ABOUT THIS TASK:
What must be handed in is the entire listing, exactly as written, with no pictures.

DATA FOR THE TASK:

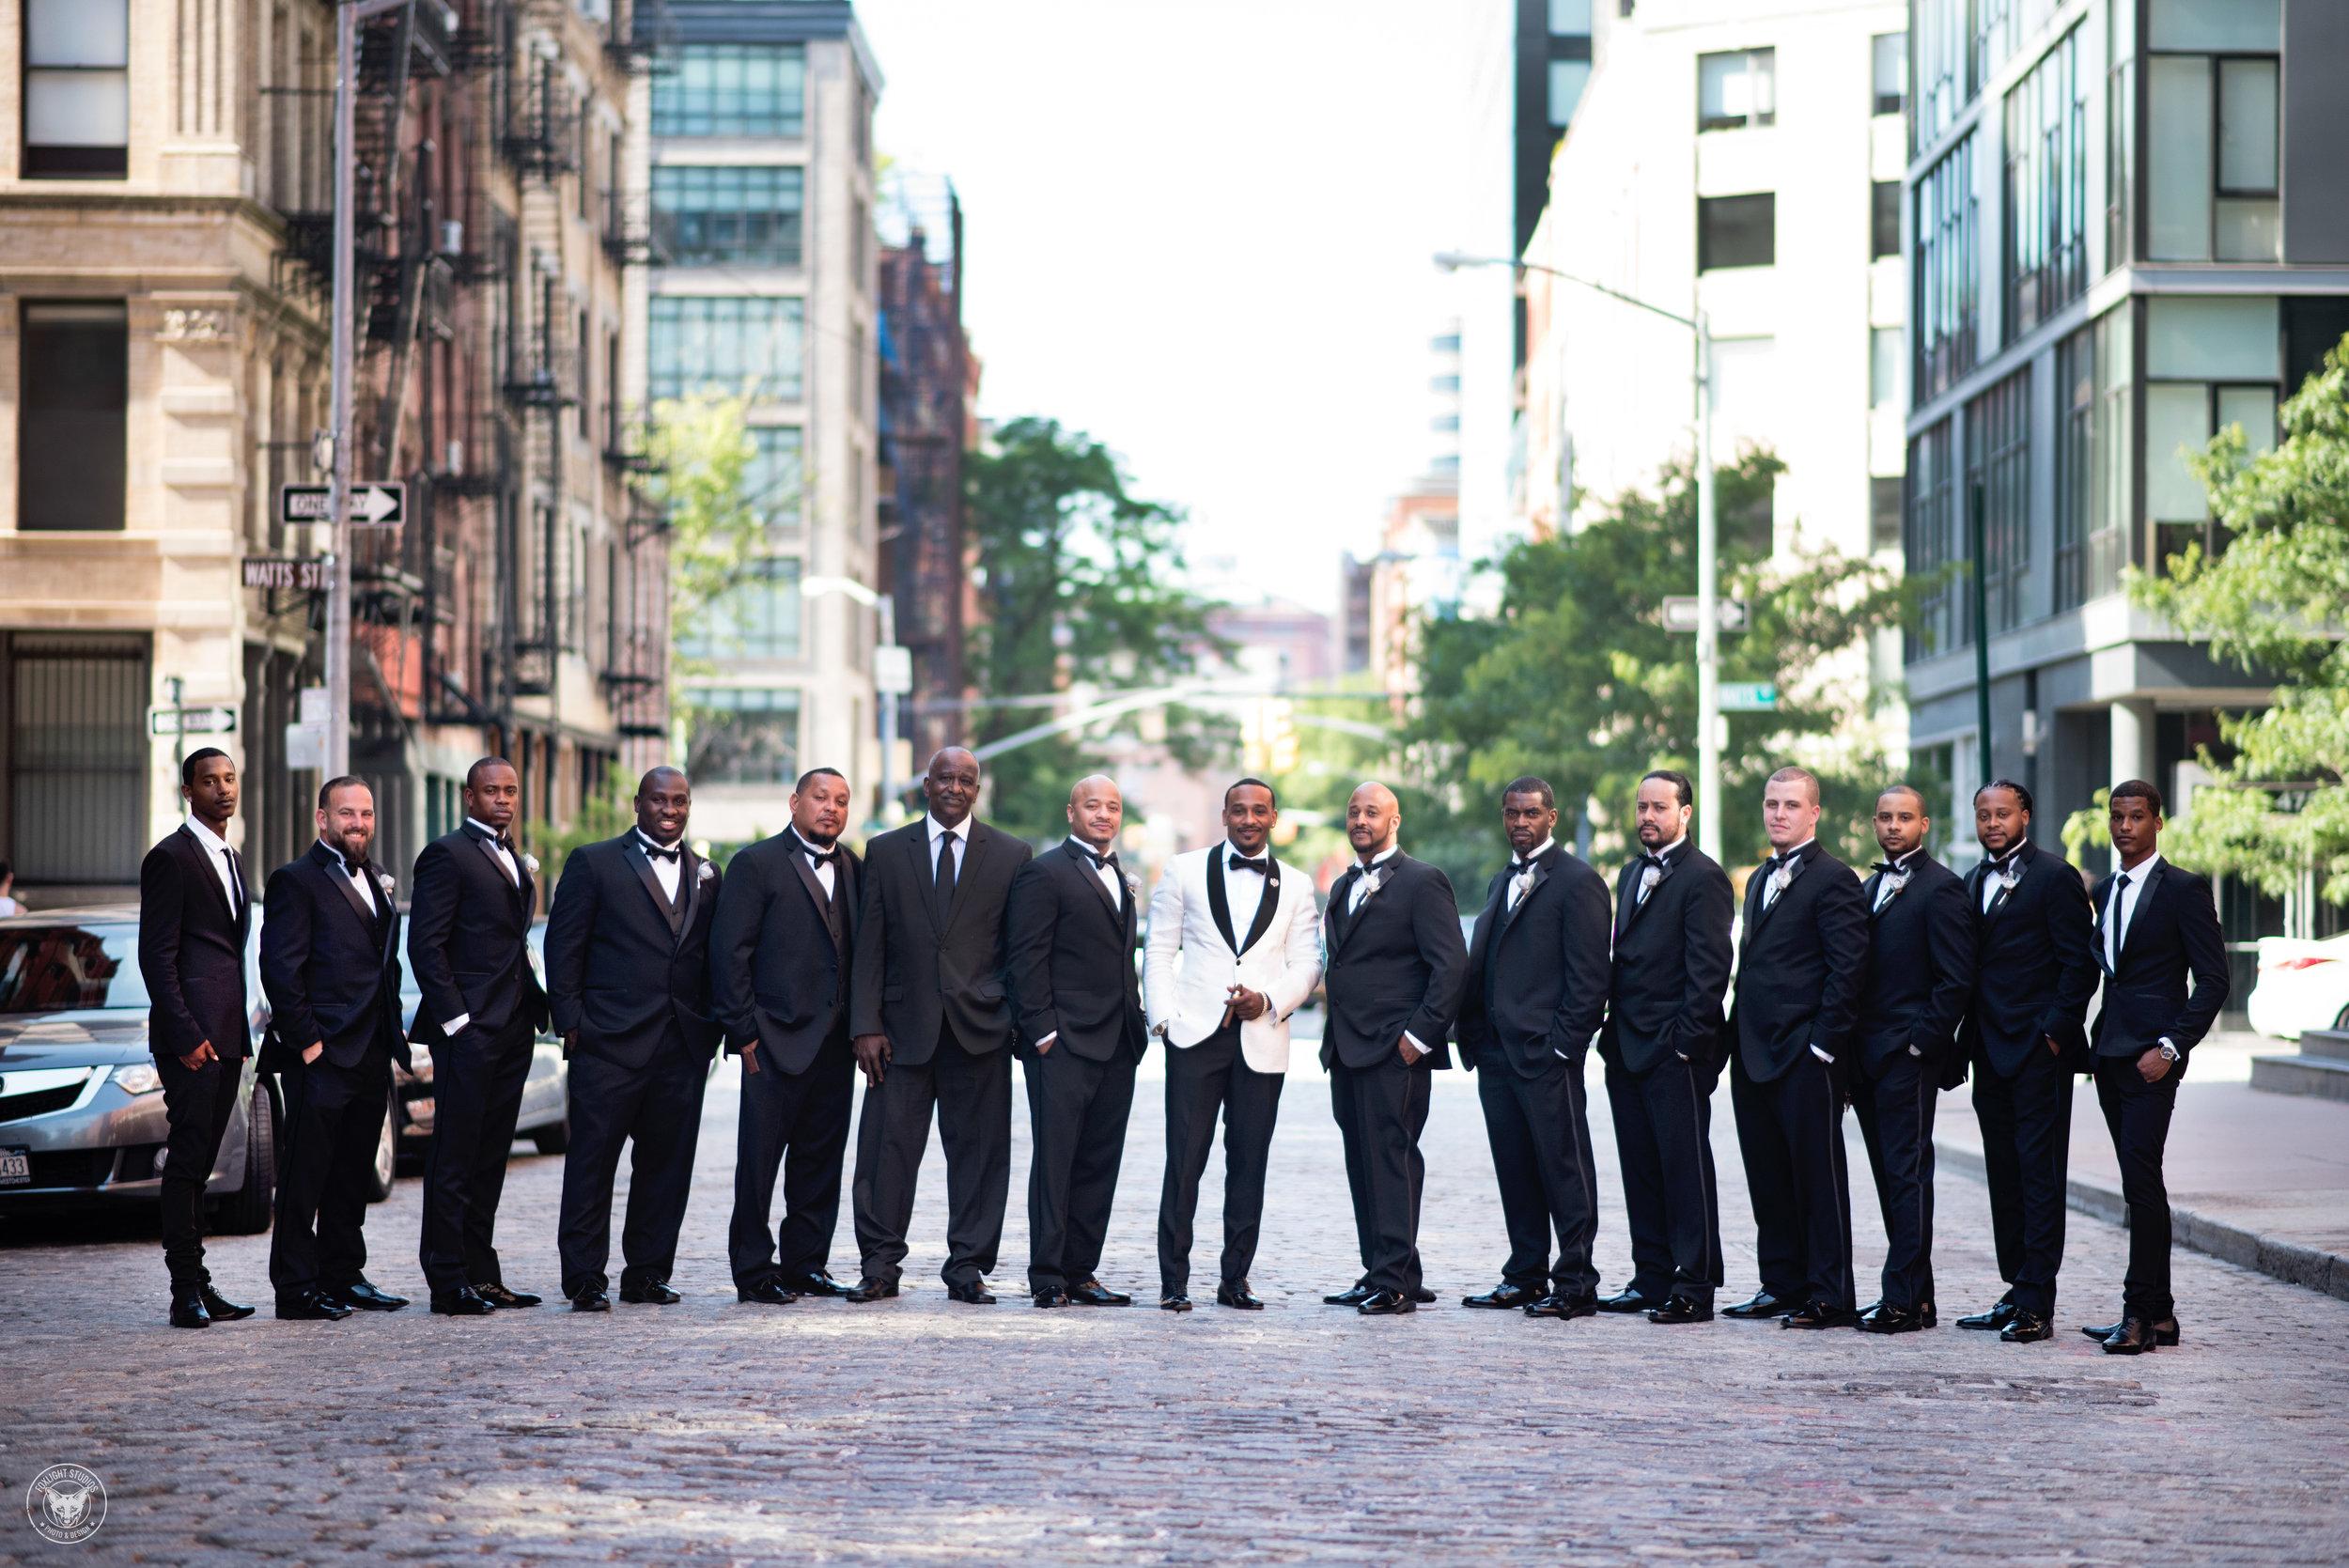 Tribeca_Rooftop_Wedding33.jpg
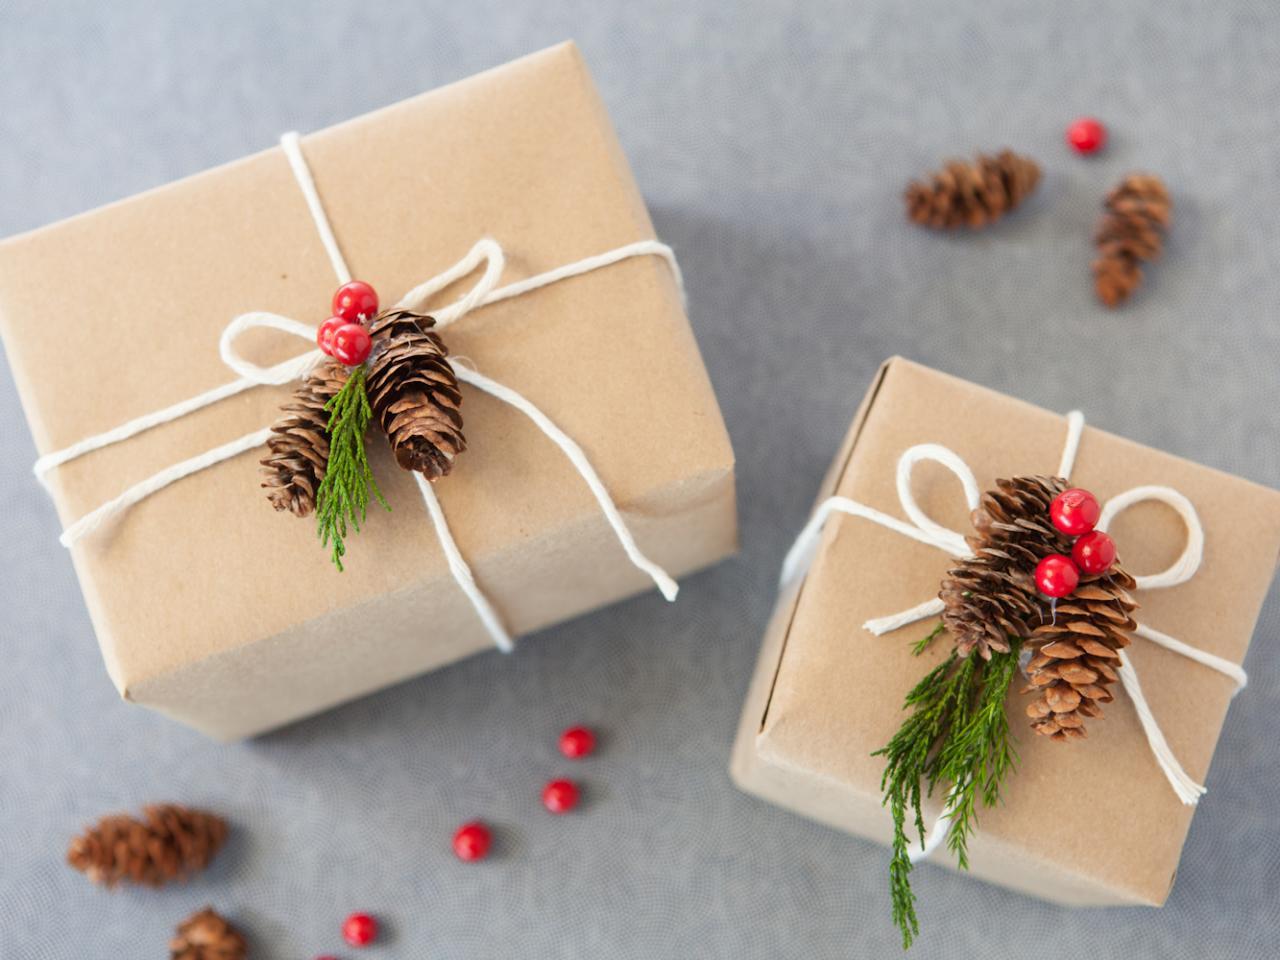 Подарки своими руками Мастер-классы и идеи. Оригинальные подарки, упаковка 89
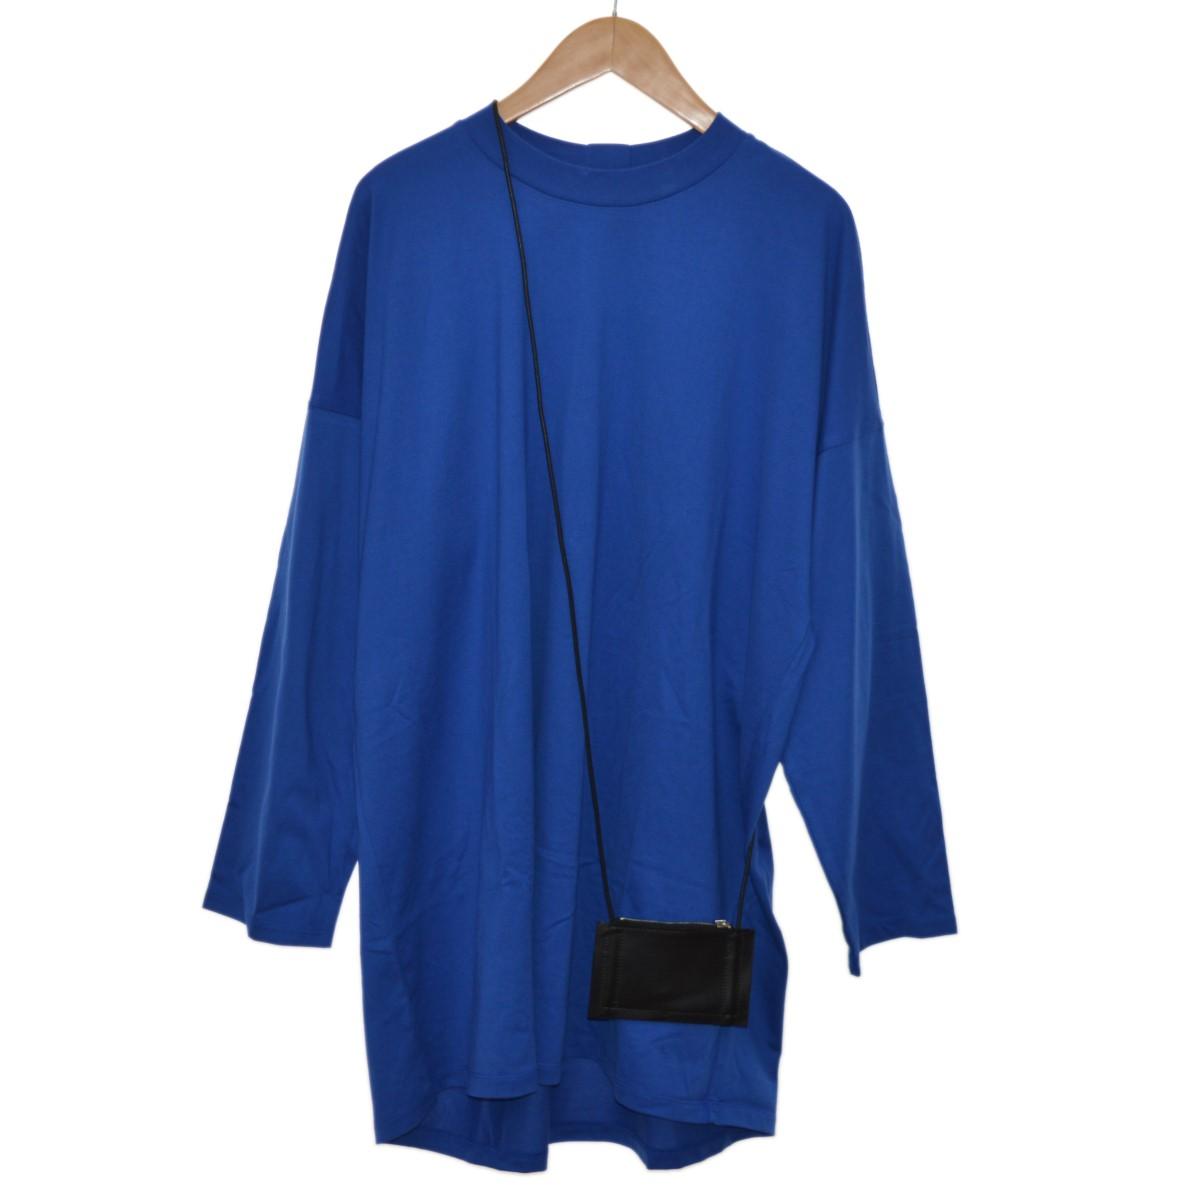 【中古】my beautiful landlet Standard L/S T Shirts With Shoulder Pouch ブルー サイズ:0 【210420】(マイ ビューティフル ランドレット)
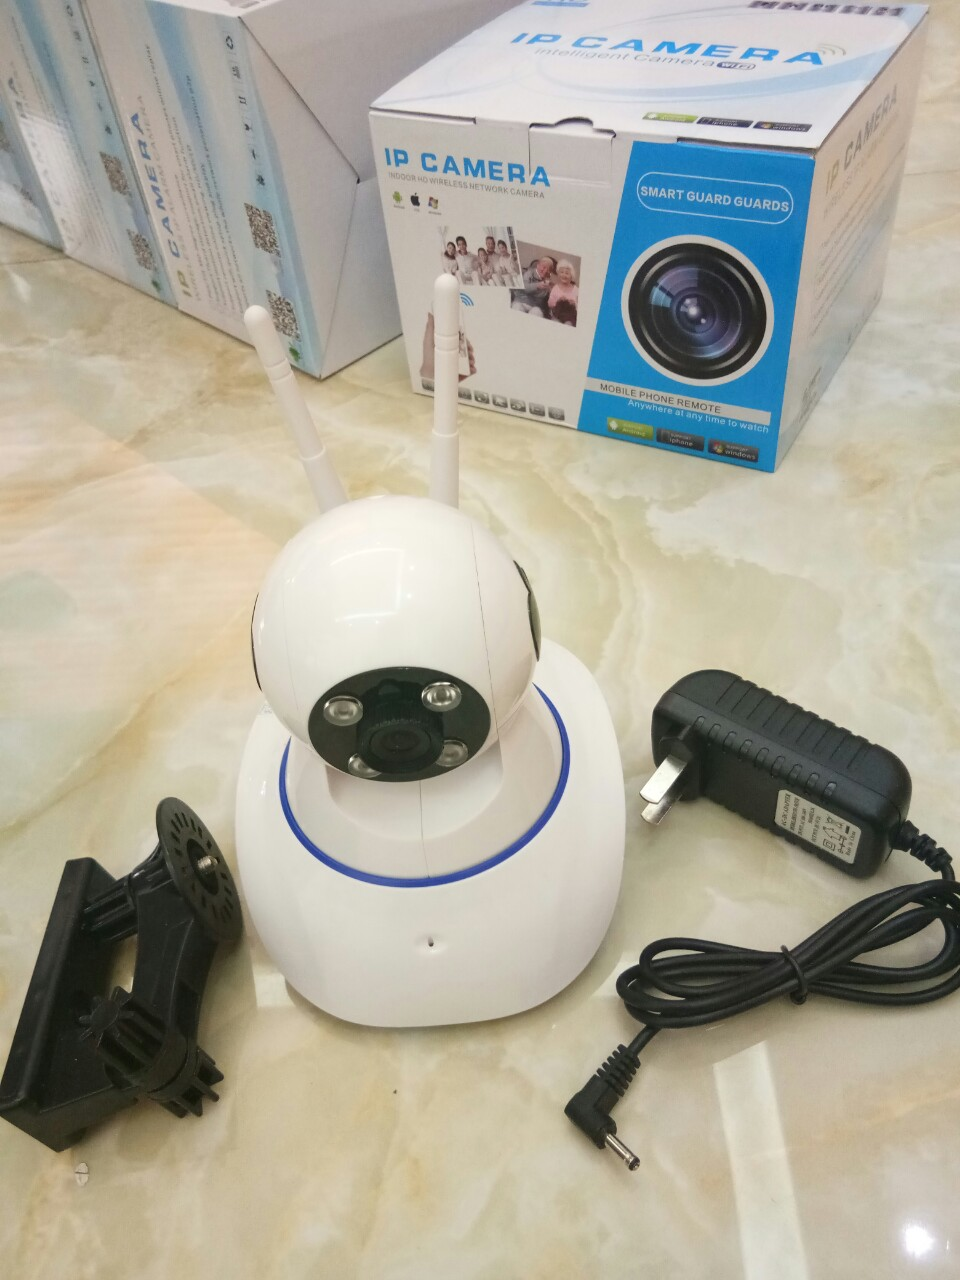 Camera Yoosee 2 Râu 1.0 MP - Hồng ngoại mới tốt hơn
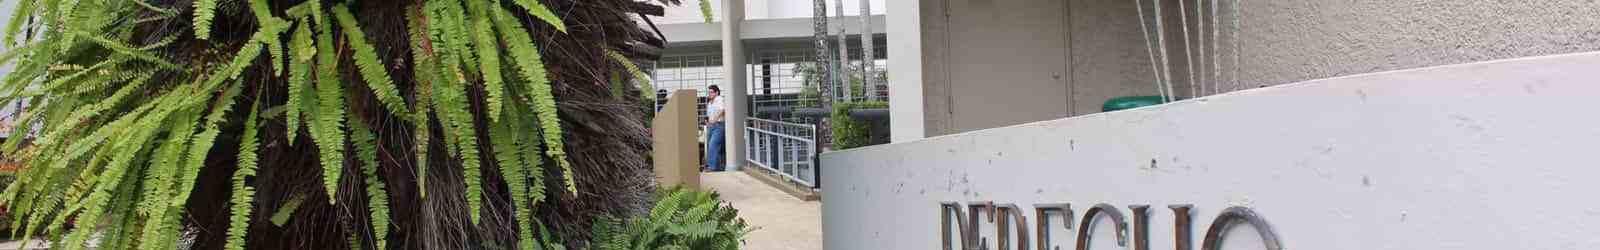 Desmienten supuesta desacreditación de la Escuela de Derecho
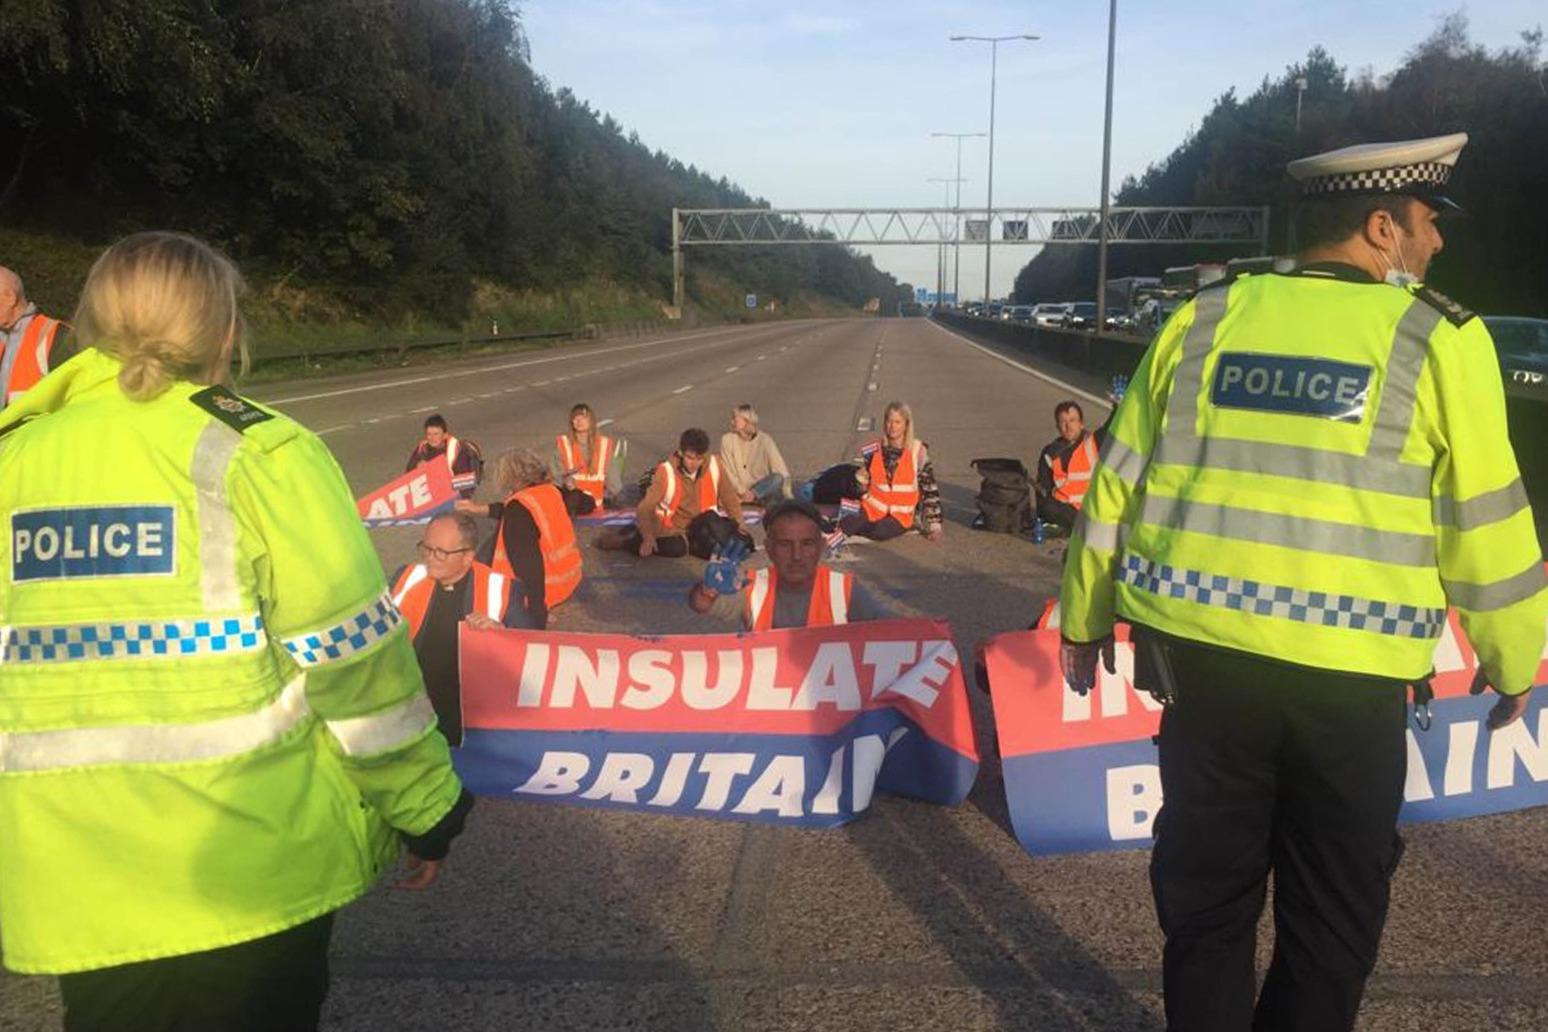 M25 protesters declare 'campaign goes on' despite prison threat

SOLUTION TO THIS EXERCISE:
 Tribeca_Rooftop_Wedding33.jpg
 Подарки своими руками Мастер-классы и идеи. Оригинальные подарки, упаковка 89
 【中古】my beautiful landlet Standard L/S T Shirts With Shoulder Pouch ブルー サイズ:0 【210420】(マイ ビューティフル ランドレット)
 Camera Yoosee 2 Râu 1.0 MP - Hồng ngoại mới tốt hơn
 Desmienten supuesta desacreditación de la Escuela de Derecho
 M25 protesters declare 'campaign goes on' despite prison threat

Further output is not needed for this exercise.